Renwick family circa 1916. John (seated left). The three boys standing at the back, left to right, John, Sandy, Archibald

Jim said: “On 11 August 1918, they received orders to attack German positions at Parvillers. They moved forward to the front line, where they prepared to attack: ‘B’ company on the right flank; ‘D’ company in the centre; and ‘A’ and ‘C’ companies on the left flank. Archie was in ‘A’ company.

“The whistles blew at 9.30am and the men rose from their trenches to attack.

“A thin and ragged barrage had little effect on the strongly wired positions of the enemy, who had no difficulty repelling the attack.

“The enemy machine gun fire was heavy, inflicting heavy casualties on the battalion and Archie was sadly fatally wounded along with 106 men in his battalion, 11 of whom were officers.

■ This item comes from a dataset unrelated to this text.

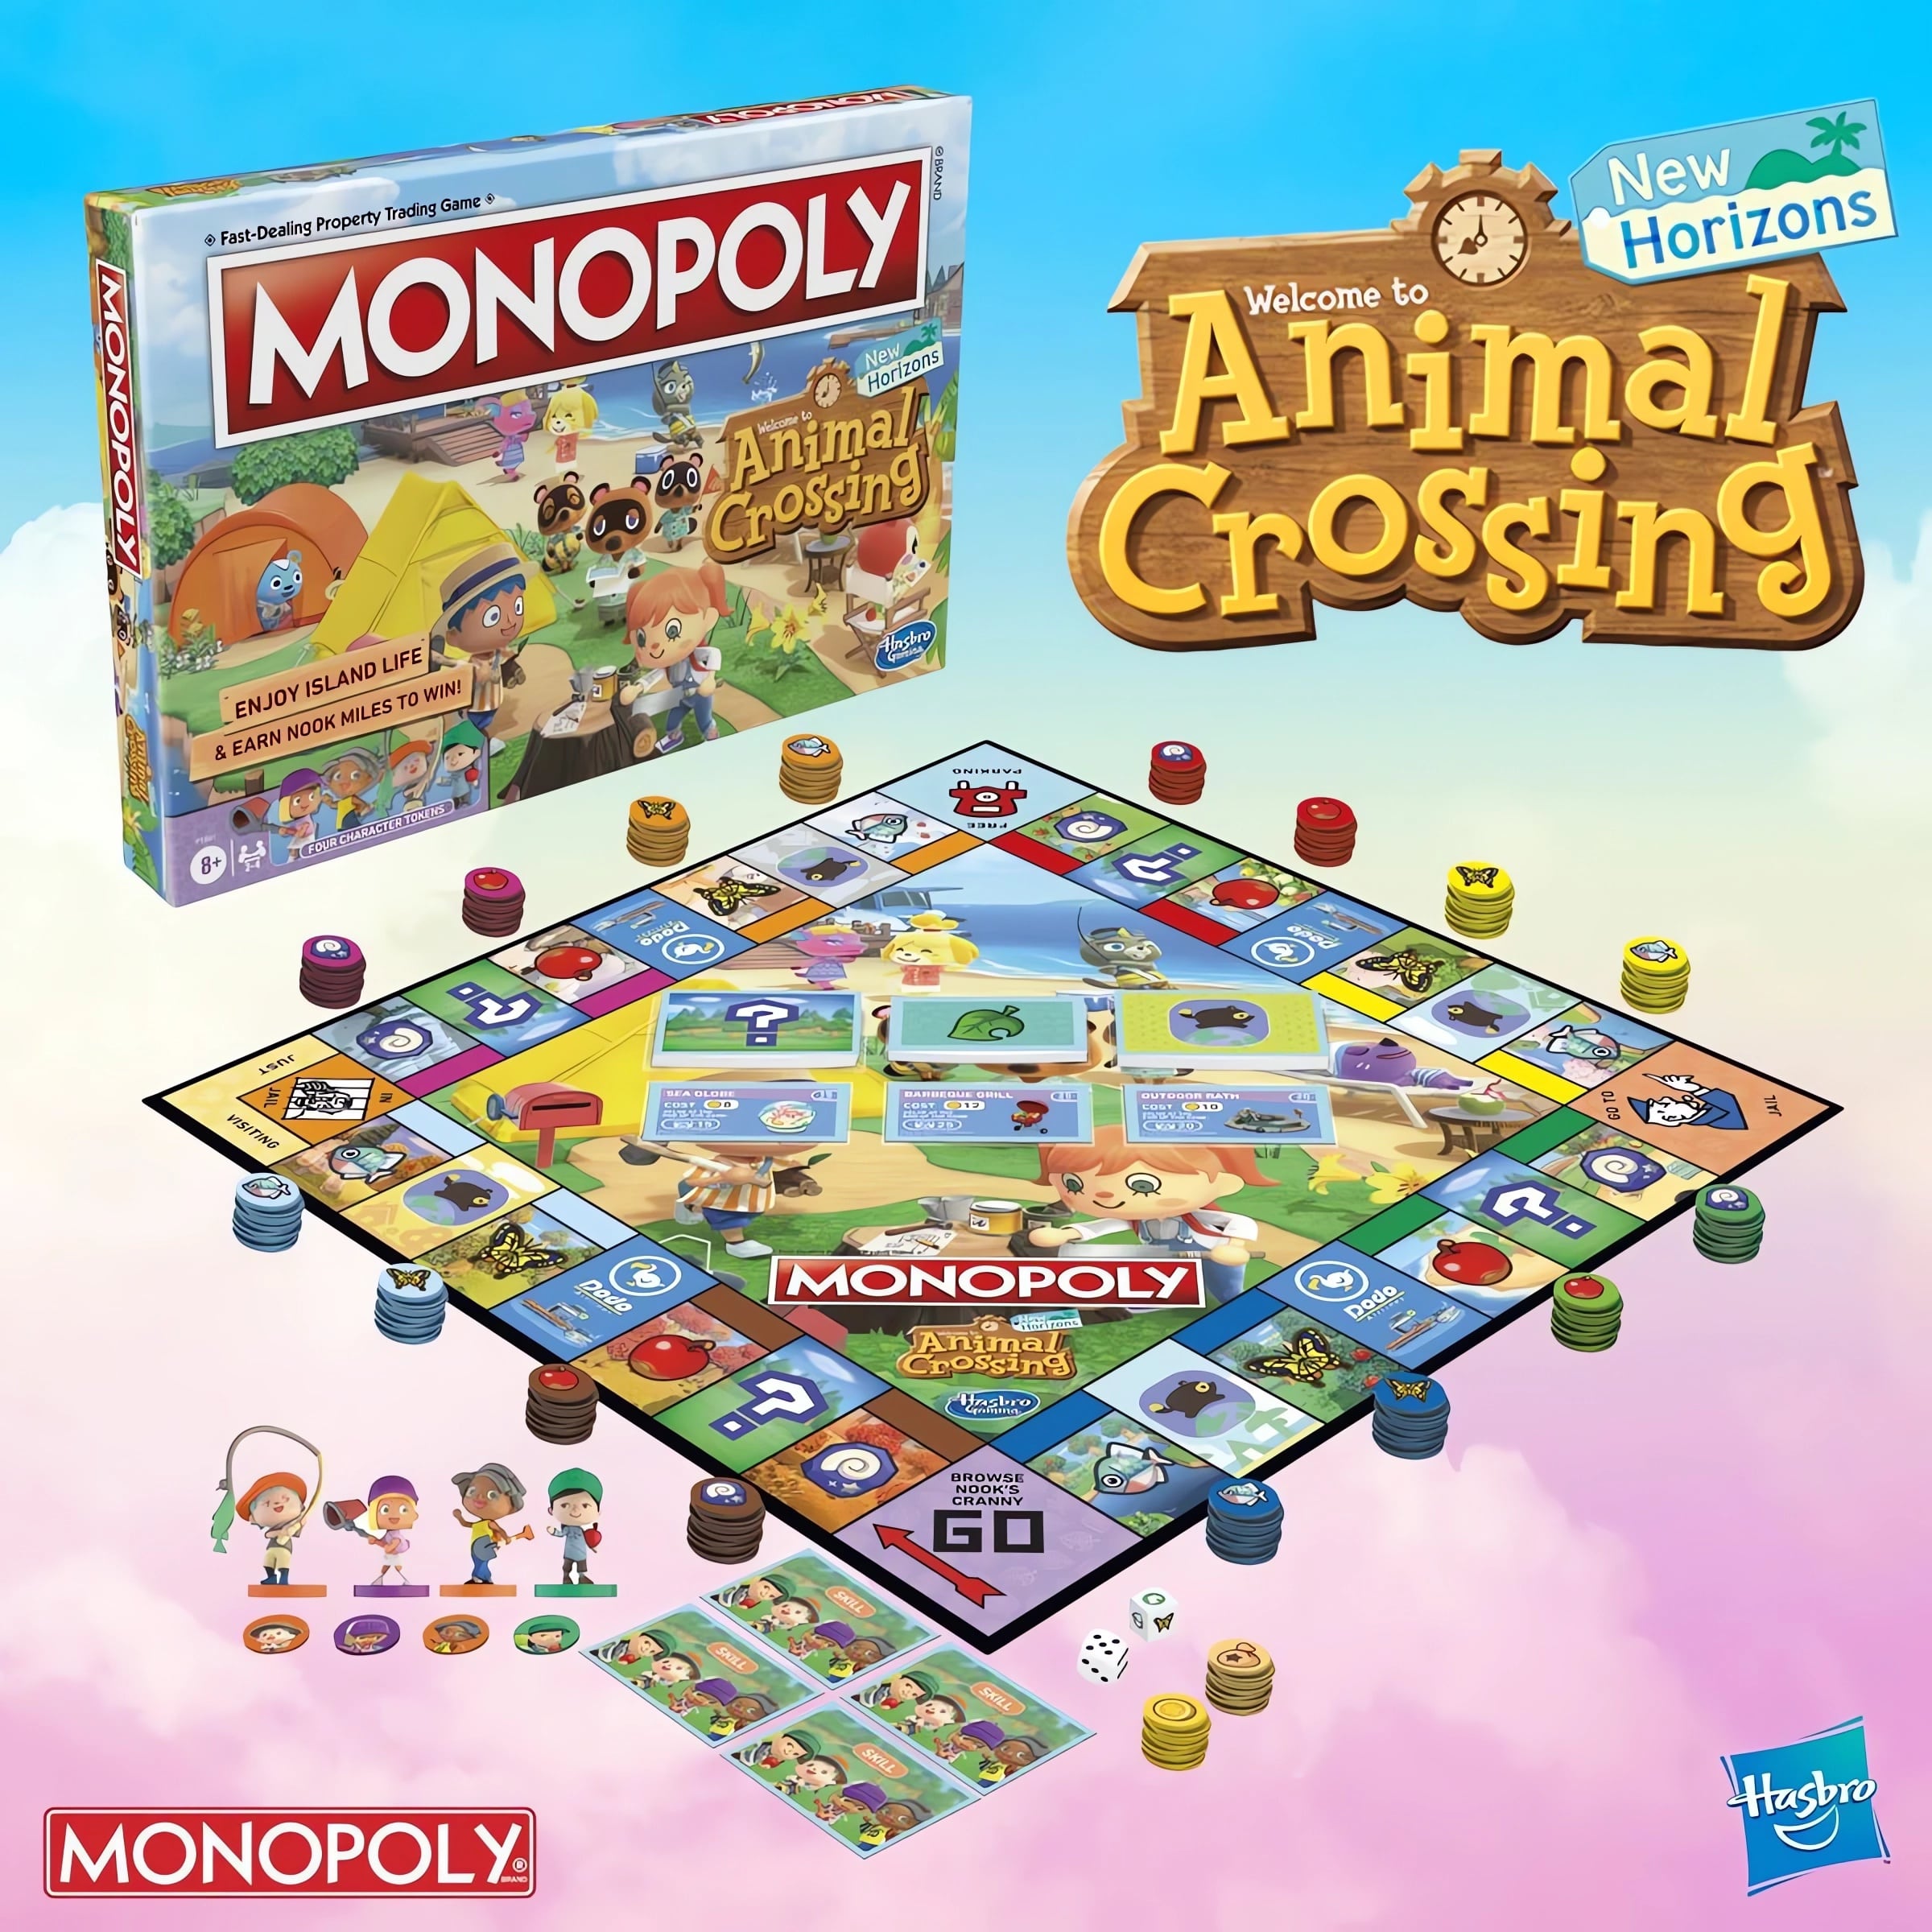 MONOPOLY ROBLOX - Monopoly
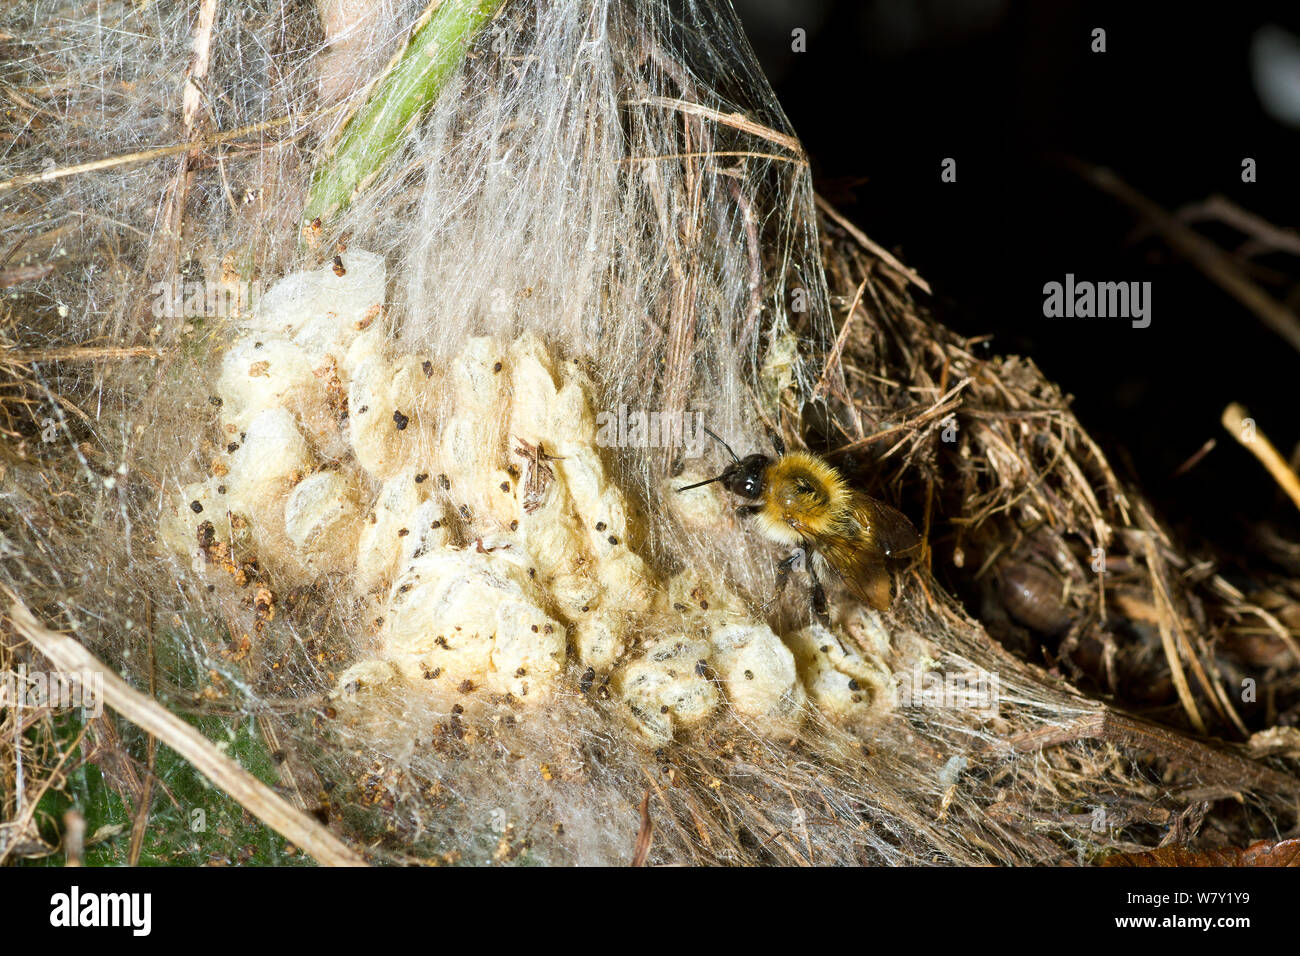 Les bourdons (Bombus hypnorum arbre) de monter sur nid de soie produite par les papillons de cire (Galleriinae) dans un vieux bird&# 39;s nest, jardin haie, Somerset, Royaume-Uni, août. Banque D'Images

“He was initially buried close to where he fell, however, following the establishment of the Commonwealth War Graves Commission in 1917, new cemeteries were built for the soldiers who perished during the conflict. Archie’s body was exhumed in May 1920 and reburied in January 1921 at his final resting place at Bouchoir New British Cemetery, France.

“In October 2010, along with my brothers, Andrew and Stewart, we visited the grave of our Uncle Archie, a brother our dad Douglas never knew.

“Andrew said a few words of remembrance and we observed a minute’s silence.”

As for Archie’s brothers, Jim said: “John served with the 7th Battalion Cameron Highlanders and embarked for France on 8 July 1915, landing at Boulogne the following day. His battalion soon saw action in the Battle of Loos. The offensive began on 25 September 1915, the first to use gas as a weapon, and on the first day, John suffered bullet wounds to his thigh, typical of machine gun fire, which the British bombardment had failed to knock out. He was lucky to survive, unlike 687 of his comrades, one of whom was James Hodge Speedie, a Heart of Midlothian player

“It’s likely that Sandy would have been conscripted on reaching his 18th birthday on 8 July 1917. He joined the 8th Battalion Royal Scots and it’s likely that following around 12 weeks training, he would have joined his battalion in September of that year in Ypres salient (Passchendaele).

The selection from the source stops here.